Kekhawatiran utama nelayan tertuju pada rencana pembangunan pabrik silica dalam proyek Rempang Eco City. Mereka khawatir pabrik tersebut akan merusak ekosistem perikanan dan menggerus wilayah perairan yang selama ini menjadi sumber penghidupan mereka. Saat ini, nelayan Rempang masih menikmati hasil tangkapan yang stabil, baik sebelum maupun setelah pandemi COVID-19.
Nelayan Rempang rata-rata menggunakan kapal bermesin 15 PK untuk melaut sekitar 3 mil dari pantai. Setiap hari, pengepul mengangkut sekitar 1 ton ikan dari wilayah tersebut ke Kota Batam. Pada musim ikan melimpah, mereka bahkan dapat melaut lebih jauh menggunakan kapal yang lebih besar hingga ke perairan Bintan, yang hanya berjarak sekitar 1 jam pelayaran dari Rempang.
Dampak Potensial Terhadap Ekosistem dan Ekonomi Lokal
Proyek Rempang Eco City berpotensi menimbulkan dampak signifikan terhadap ekosistem laut dan perekonomian masyarakat nelayan di Rempang. Kerusakan lingkungan akibat pembangunan pabrik silica dapat mengancam keberlangsungan sumber daya perikanan, yang merupakan tulang punggung perekonomian masyarakat setempat. Hal ini akan berdampak pada pendapatan nelayan dan kesejahteraan keluarga mereka.
Pemerintah perlu memperhatikan aspirasi nelayan dan memastikan proyek Rempang Eco City dirancang dan dijalankan secara berkelanjutan, memperhatikan aspek lingkungan dan kesejahteraan masyarakat. Partisipasi aktif masyarakat lokal dalam perencanaan dan pelaksanaan proyek sangat penting untuk menghindari konflik dan memastikan pembangunan yang inklusif dan berkelanjutan.

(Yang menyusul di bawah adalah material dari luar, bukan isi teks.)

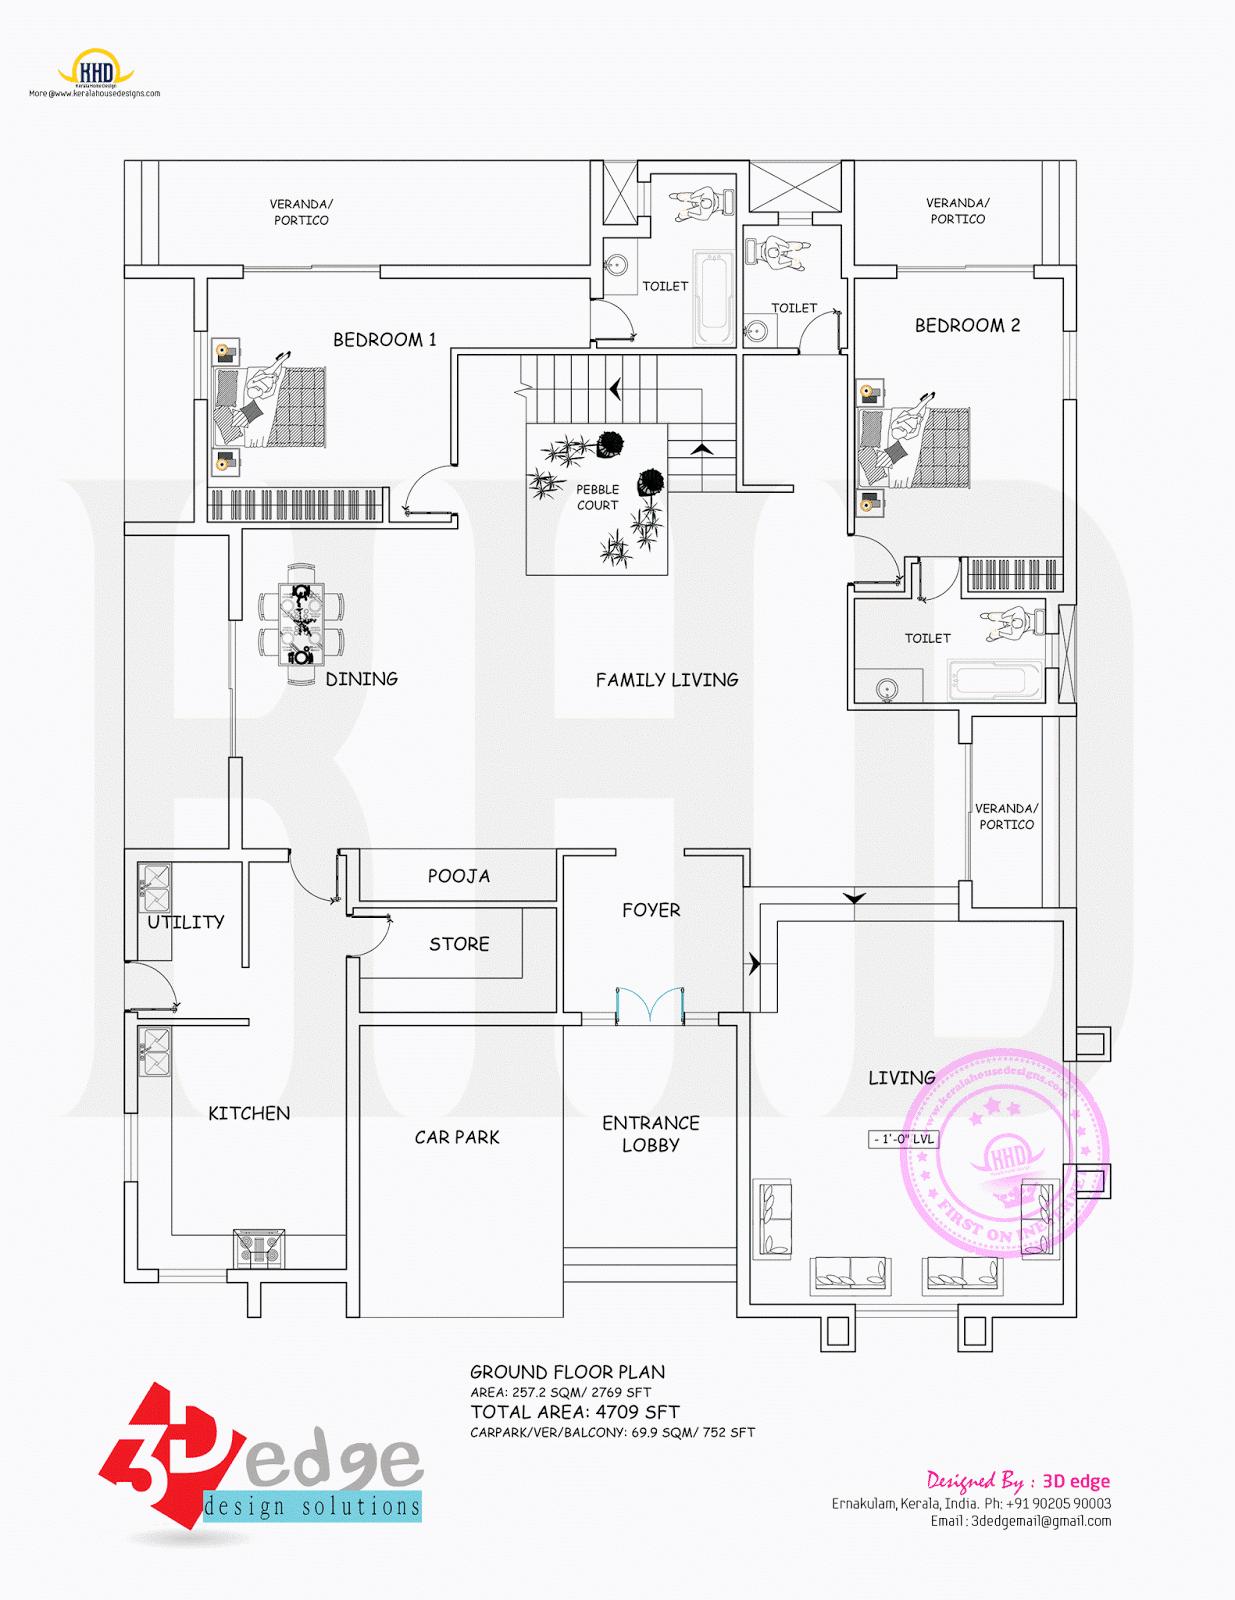 Ground Floor Elevation Plan : Modern house elevation and plan kerala home design
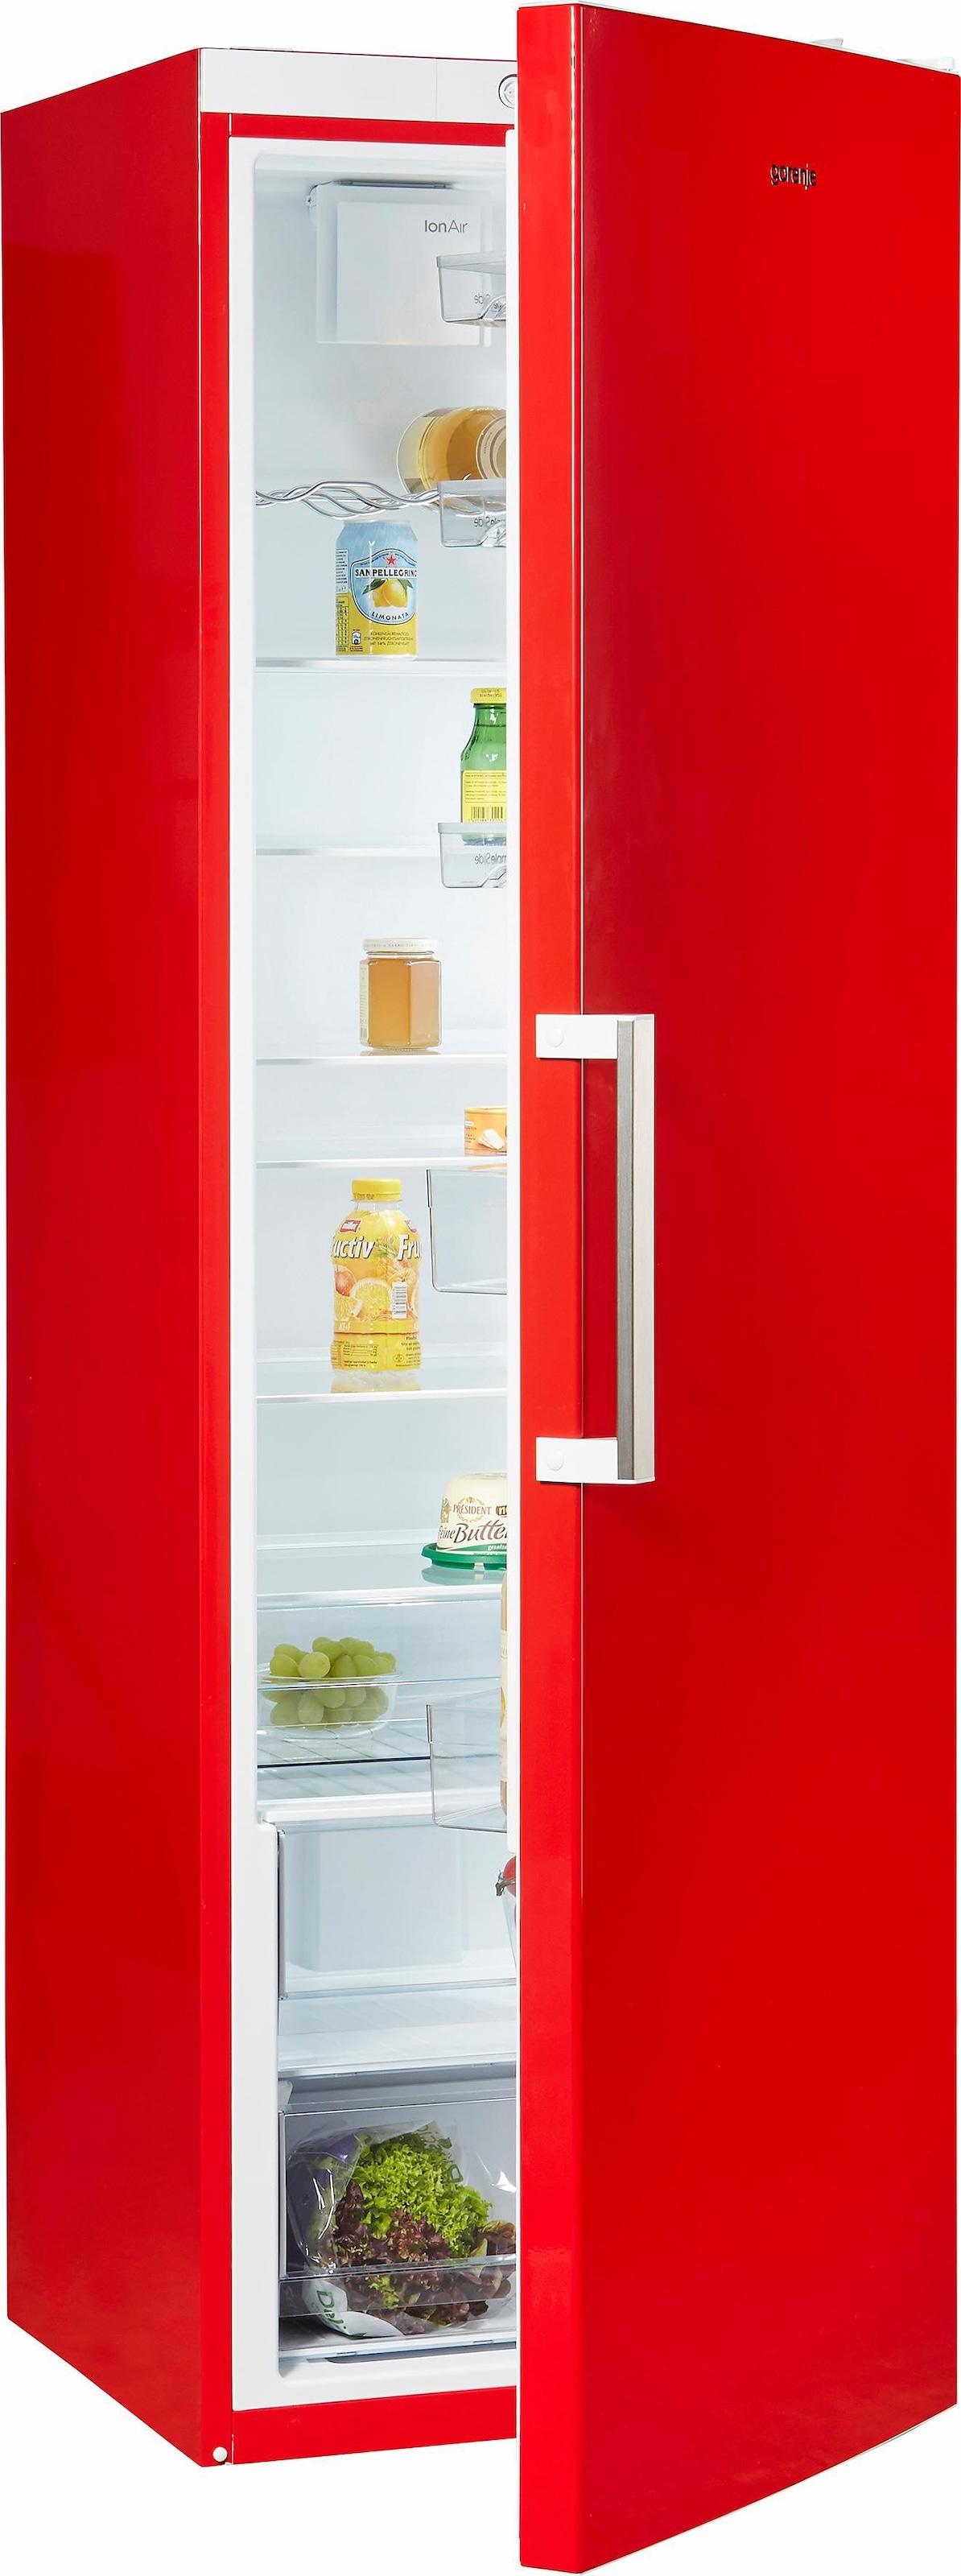 Gorenje Kühlschrank Crispzone : Gorenje retro kühlschränke als fußball spezial elektrojournal

Penting bagi pemerintah untuk melakukan kajian lingkungan hidup yang komprehensif dan transparan untuk meminimalisir dampak negatif terhadap lingkungan dan masyarakat. Selain itu, perlu juga adanya jaminan perlindungan dan kompensasi yang layak bagi nelayan yang terdampak proyek tersebut.
Harapan Nelayan Terhadap Pemerintah
Nelayan Rempang berharap pemerintah dapat menjamin kelestarian lingkungan laut dan keberlanjutan mata pencaharian mereka. Mereka meminta agar proyek Rempang Eco City tidak mengorbankan kepentingan masyarakat lokal demi keuntungan pihak asing. Partisipasi dan kesejahteraan masyarakat harus menjadi prioritas utama dalam setiap proyek pembangunan.
Pemerintah perlu memastikan bahwa pembangunan berkelanjutan menjadi landasan utama dalam proyek Rempang Eco City. Hal ini mencakup perlindungan lingkungan, pemberdayaan masyarakat, dan kesejahteraan ekonomi masyarakat lokal. Dengan demikian, pembangunan dapat memberikan manfaat bagi semua pihak tanpa mengorbankan lingkungan dan mata pencaharian masyarakat.
Perlu adanya dialog yang konstruktif antara pemerintah, investor, dan masyarakat nelayan untuk mencari solusi yang saling menguntungkan. Komitmen pemerintah untuk mendengarkan aspirasi masyarakat dan mencari solusi yang berkelanjutan sangat penting untuk menghindari konflik dan memastikan pembangunan yang adil dan berkelanjutan.
Aksi damai yang dilakukan nelayan Rempang merupakan bentuk aspirasi dan harapan mereka agar pemerintah memperhatikan nasib dan kelangsungan hidup mereka. Pemerintah perlu merespon aspirasi tersebut dengan bijak dan mencari solusi yang dapat menyeimbangkan kepentingan pembangunan dengan kelestarian lingkungan dan kesejahteraan masyarakat.